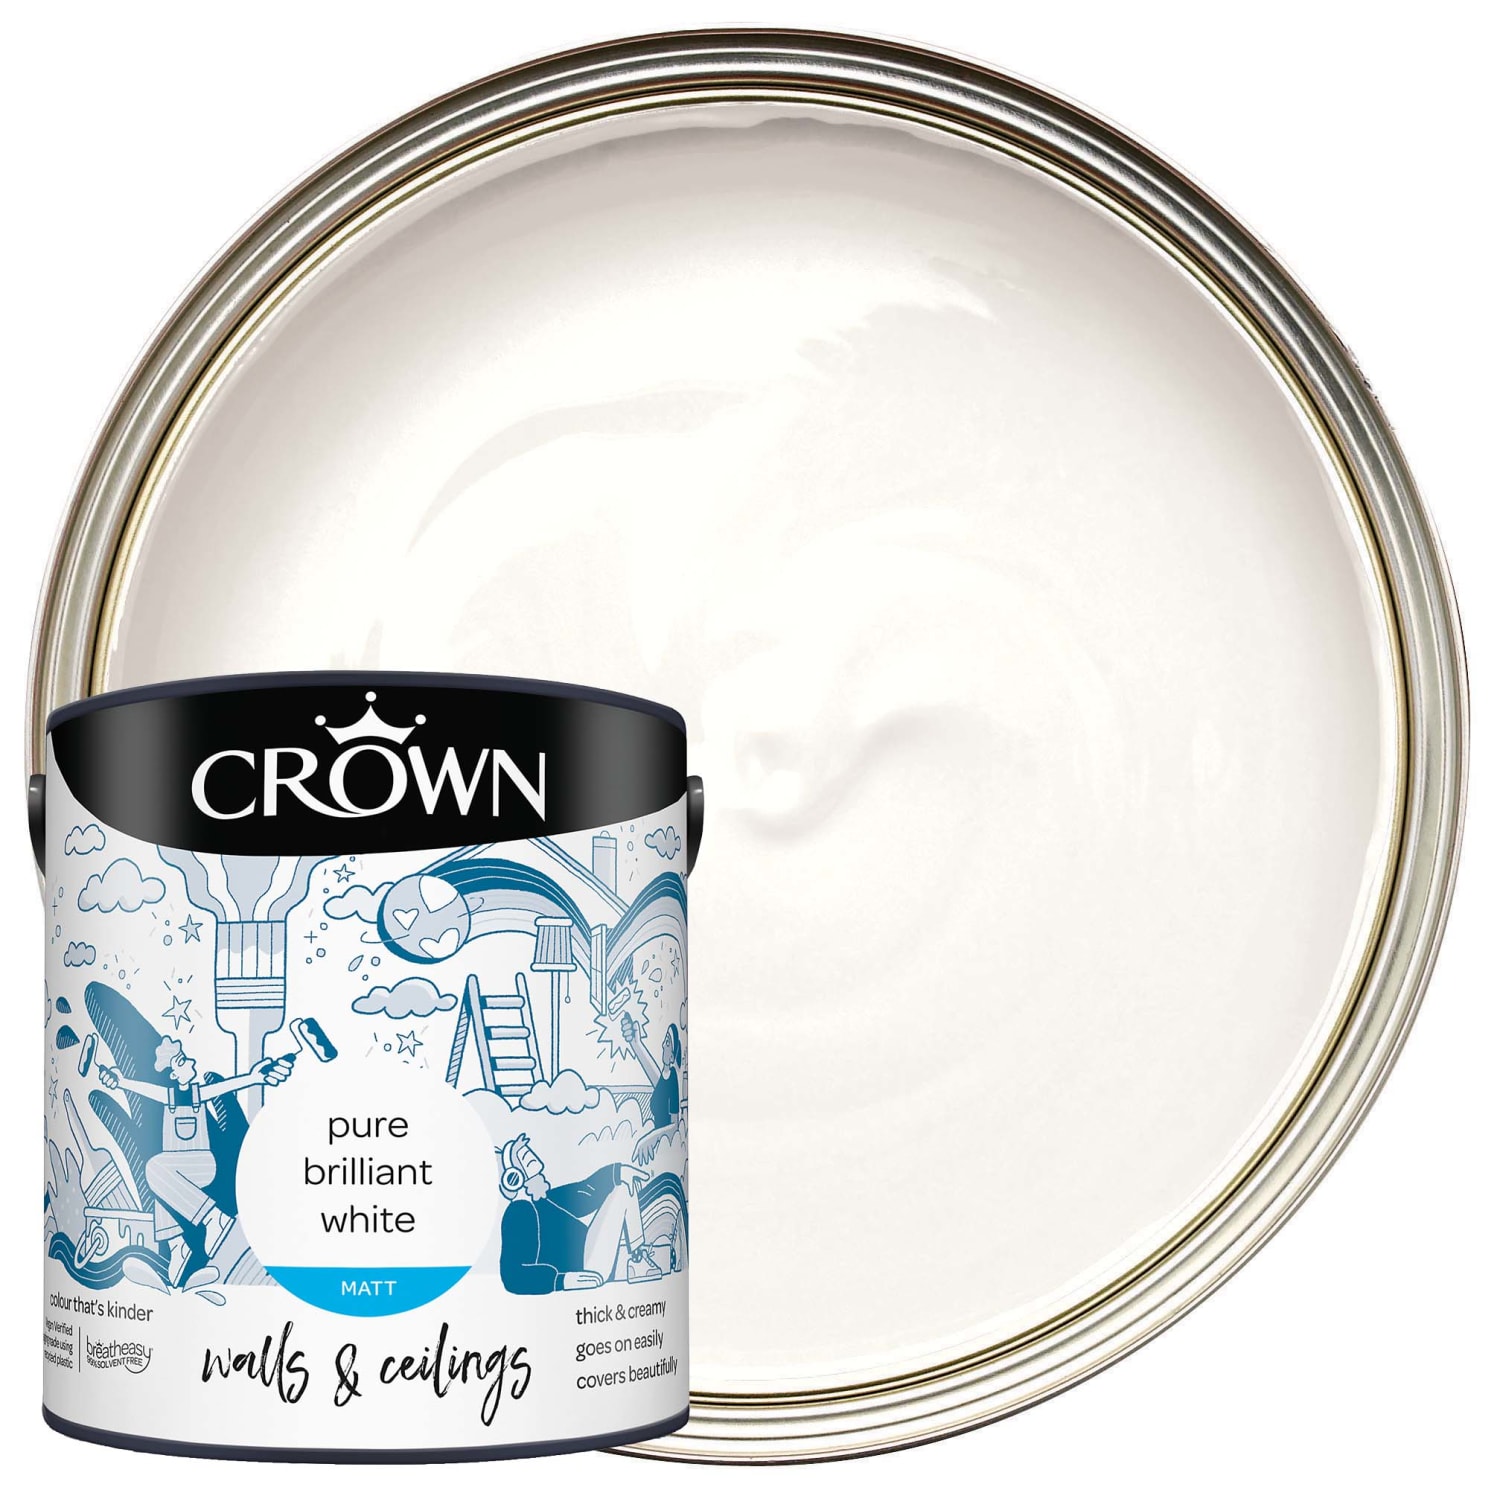 Wilko Tough & Washable Pure Brilliant White Matt Emulsion Paint 2.5L
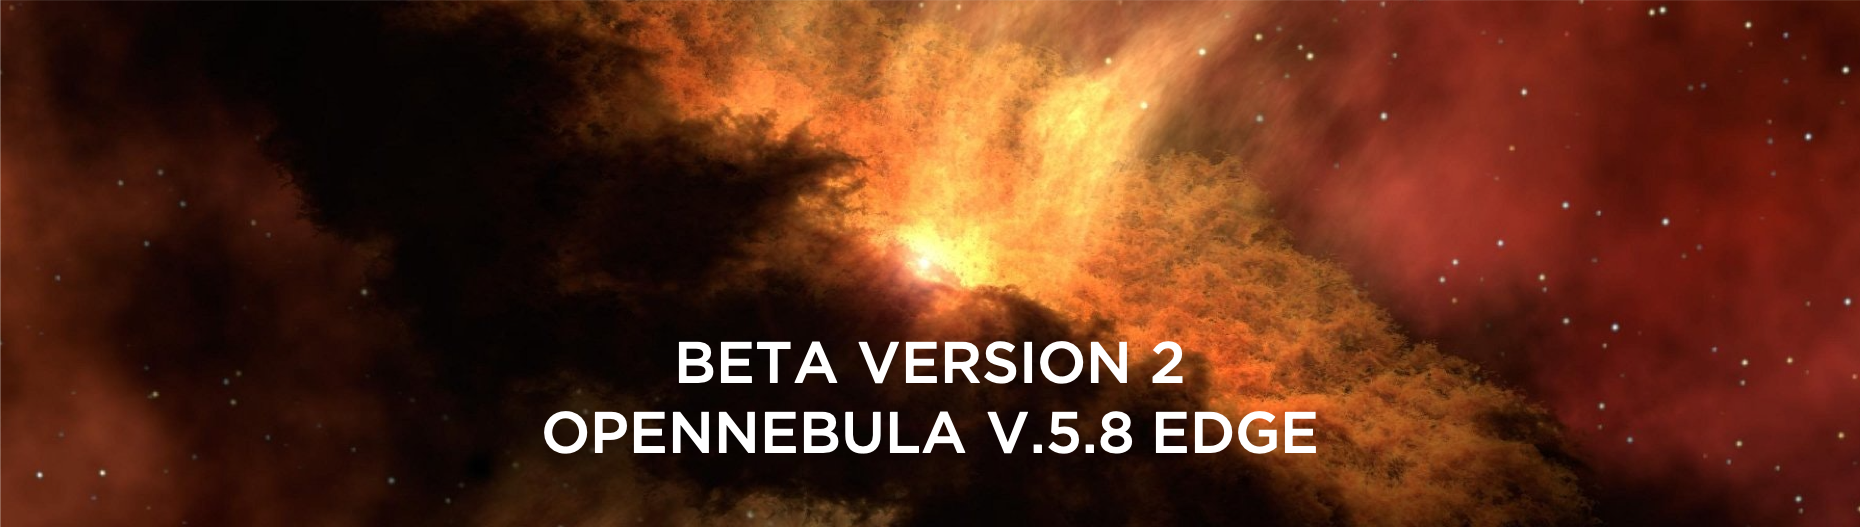 beta2 5.8
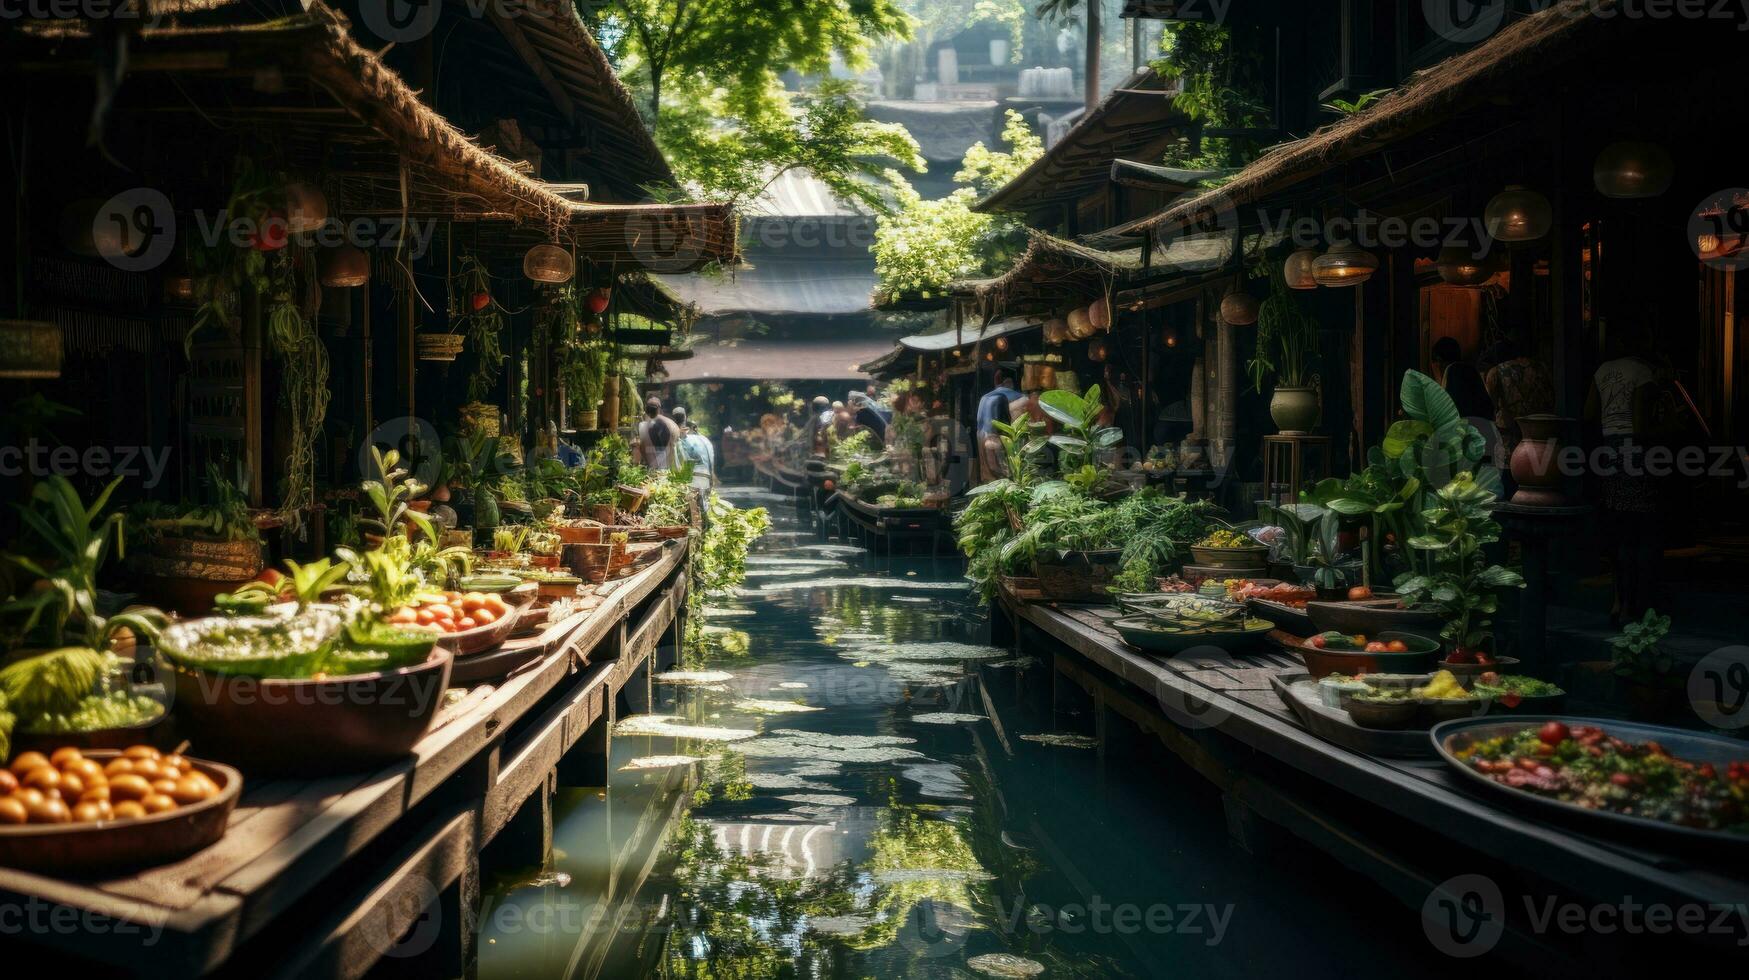 bukit bintang Wasser Markt, Bali, Indonesien foto
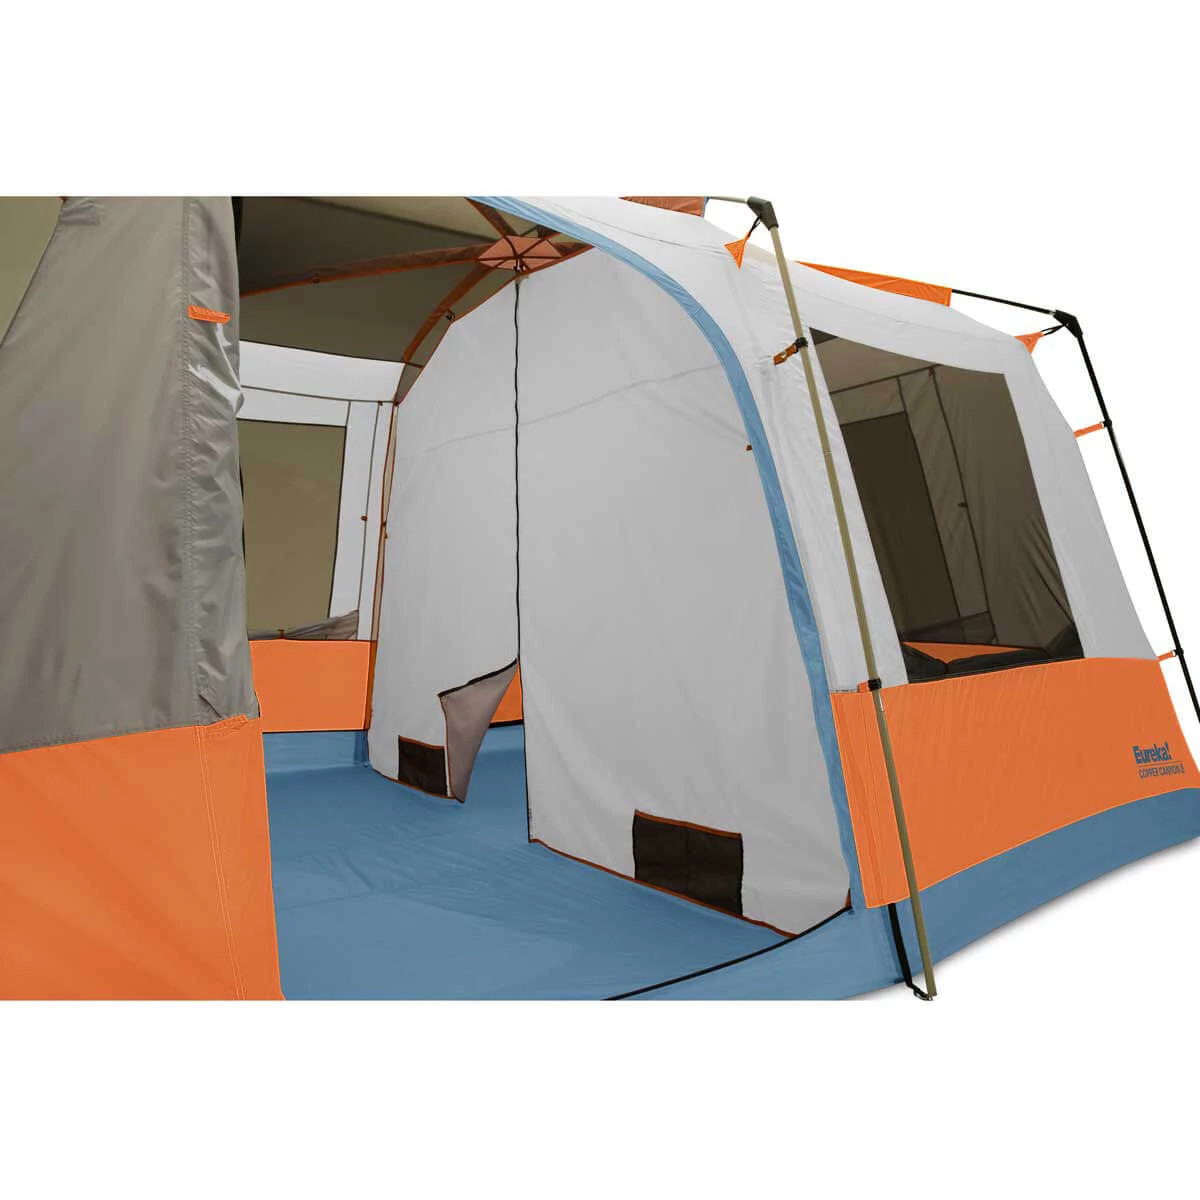 Eureka! Copper Canyon LX 6-Person, 3 Season Camping Tent 141［並行
- - - - -
▶ What to produce
Leave every picture out, and transcribe the data above exactly as it reads.

▶ Response box
 Wilko Tough & Washable Pure Brilliant White Matt Emulsion Paint 2.5L
 beta2 5.8
 bukit bintang Wasser Markt, Bali, Indonesien foto
 Eureka! Copper Canyon LX 6-Person, 3 Season Camping Tent 141［並行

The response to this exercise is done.